Advocates of premium support argue that competition would encourage more cost-sensitive behavior by beneficiaries, providers and insurers. The facts do not support this.
Just consider that despite competition and choice, private insurance premiums per enrollee for comparable coverage have increased more rapidly than Medicare spending per enrollee for more than 30 years. Medicare’s superior performance is all the more remarkable since its elderly beneficiaries include a sizable share of the sickest individuals who are the largest consumers of health care services. And Medicare’s cost advantage is likely to continue into the future.
According to a recent study, with implementation of the Affordable Care Act reforms, Medicare spending per enrollee is likely to grow by 3.1 percent during the next 10 years, about the same as the projected growth rate for G.D.P. per capita, while private insurance per enrollee is likely to grow by 5 percent.
What explains Medicare’s sustained cost advantage over private insurance?

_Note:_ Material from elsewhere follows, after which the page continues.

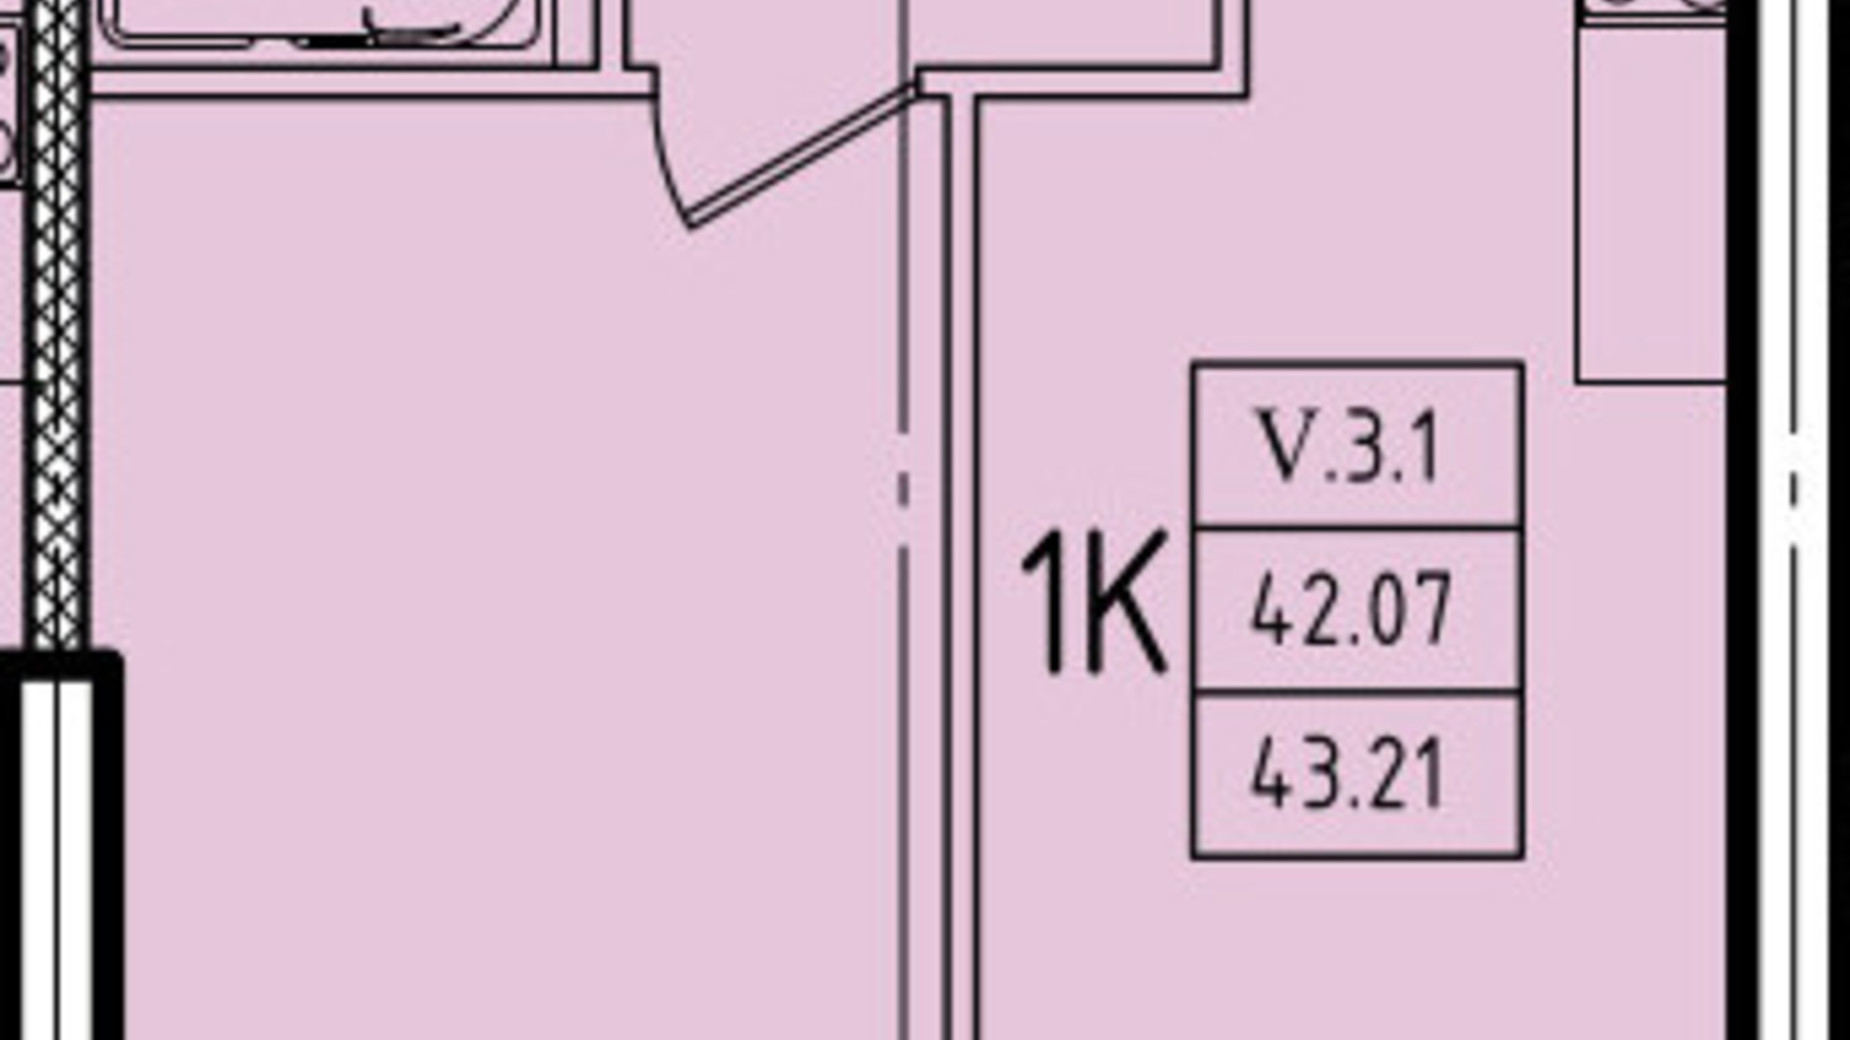 Планування 1-кімнатної квартири в ЖК Еллада 43.21 м², фото 602331

Medicare has much lower administrative costs than private insurance. And Medicare has considerable negotiating leverage with providers as a result of its huge enrollment. The new law strengthens this leverage. Private insurance plans have been unwilling or unable to drive reforms to reduce provider costs, preferring instead to pass rising costs on to consumers through higher premiums, relying on Medicare to spearhead efficiency-enhancing reforms.
As I explained in a previous Economix post, this is why the C.B.O. has consistently refused to recognize large potential savings in health care costs from reforms that merely increase competition among private insurance plans.
Indeed, the C.B.O. has concluded that replacing traditional Medicare with competition among such plans would drive up total health-care spending per Medicare beneficiary. Which is why Representative Ryan was compelled to place an arbitrary growth cap on the size of the subsidy in his premium support proposal.
That was the only way he could secure C.B.O.-scored budgetary savings. But imposing such a cap separates the growth of the subsidy from the growth of health care costs and transforms the premium-support system into a voucher system.
A voucher system would do little to control the growth of health care costs, but it would shift their burden onto Medicare beneficiaries in the form of higher premiums and reduced care. Cost-shifting should not be confused with cost containment.
Mr. Ryan asserts that the 1998 bipartisan Medicare Commission proposed premium support as a solution to Medicare’s financing challenges. But he fails to mention that all of the commission members appointed by President Clinton, including me, voted against this idea.
Since then, the evidence has confirmed that competition among private insurance plans would not yield Medicare savings without harming beneficiaries. To achieve this goal, enforceable payment and cost-containment reforms like those in the Affordable Care Act are necessary.
A “serious” deficit hawk committed to saving and strengthening Medicare, not one whose primary goals are repealing health-care reform and cutting taxes for the wealthy, would base his Medicare plan on the evidence. Mr. Ryan and his running mate can’t be serious.